A next generation ULP Geforce with unified shader architecture and up to 64 CUDA "cores" (clocked at ~ 500MHz) would have up to ~ 8x more peak pixel shader performance relative to ULP Geforce in Tegra 3 (based on having a maximum of 64 pixel shader units on Tegra 4 vs. 8 pixel shader units on Tegra 3).
Well I figured how you came to that assumption, I just wanted you to confirm it. So given that awkward speculative math it'll have according to it either 7 or 9 TMUs.
That's an exact 3.2x increase in pixel shader performance.The ULP Geforce in Tegra 3 has ~ 3-3.5x more peak pixel shader performance relative to ULP Geforce in Tegra 2 (based on having 2x more pixel shader units and ~ 66% higher clock speed on Tegra 3 vs. Tegra 2),
Does it? The fastest T3 device with quite a bit higher bandwidth than typical T3 based devices gives an offscreen result of almost 568MTexels/s while the fastest Tegra2 device from the Kishonti database itself gives 220MTexels/s, which gives a 2.58x difference, whereby if you use a TF300 as a reference the difference shrinks to 2.3x.
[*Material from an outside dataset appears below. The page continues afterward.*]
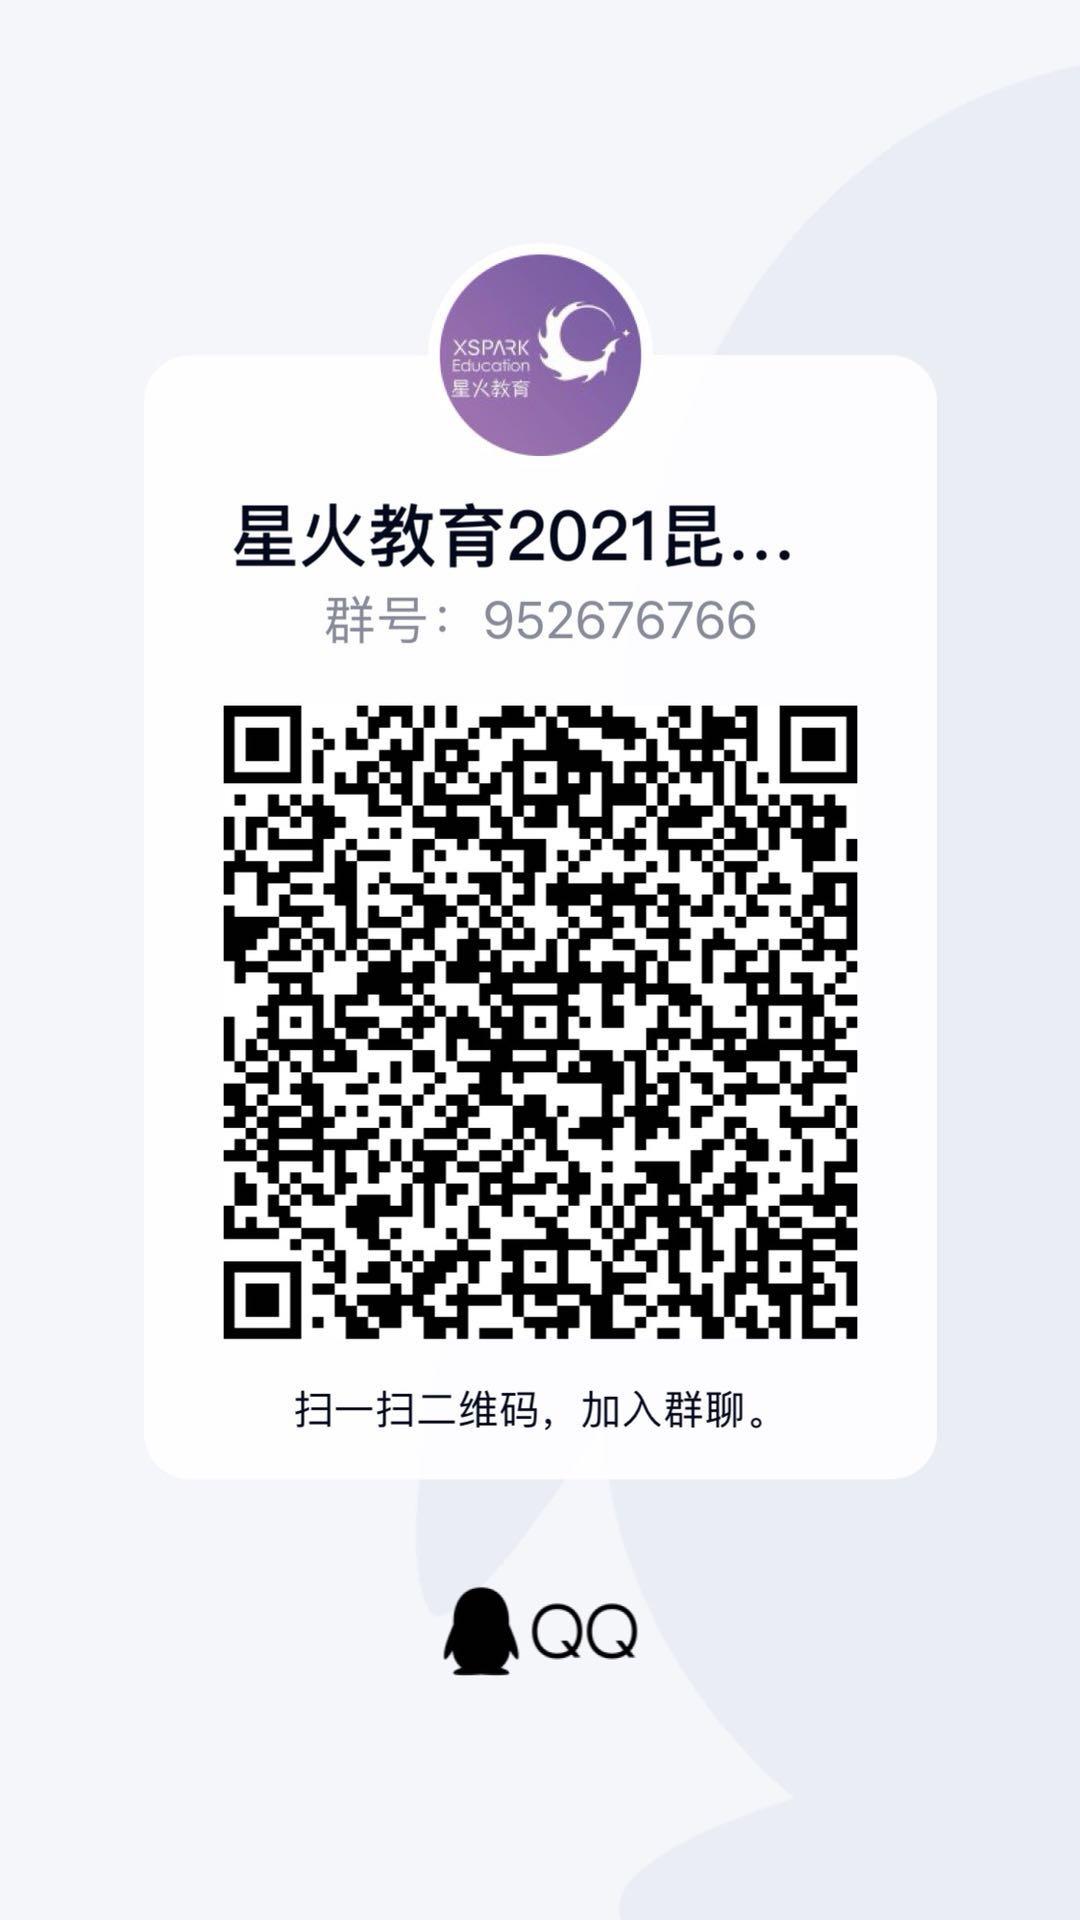 0ccddc0b-a566-4260-95ae-c86bcc1debb0.jpg

I'd rather say that both Tegra2 as Tegra3 SoCs have the same amount of TMUs with different frequencies and higher bandwidth on T3 allowing higher fillrate efficiency....and that performance delta seems to be reasonably well reflected in the GLBenchmark Fill Test results.
If yes it breaks your theory quite quickly since there are 2 vs. 1 Vec4 PS ALU between T3 and T2. On top of that I can't know for sure, but I'd be willing to believe that texturing is decoupled from ALUs on ULP GFs (unlike NV3x/NV4x desktop trends), albeit you'll see it on a ARM Mali of the current generation and Lord knows which else architecture.
Wayne in all likeliness will have a revamped GPU architecture, for which I expect a departure from vector ALUs (pretty much for every SFF next generation GPU); else it could very well be SIMD8 or SIMD16, where nothing speaks against the notion that two SIMD8 could share a texture block. For the very least of major changes these are going to be with utmost certainty USC ALUs so it's more like "12SPs" on the T3 ULP GF in total, where a 5x times increase in TMU count is equally senseless.
Floating point performance will explode with the next generation GPUs; fillrates rather not. By the way it didn't ever strike you that despite NV's sw/compiler efficiency 64 GFLOPs of maximum theoretical floating point power are rather pitiful for a design that aims to reach up to clamshells?So just to reiterate, I was looking at the performance delta between Tegra 2 and Tegra 3 on GLBenchmark Fill Test to extrapolate results for Tegra 4.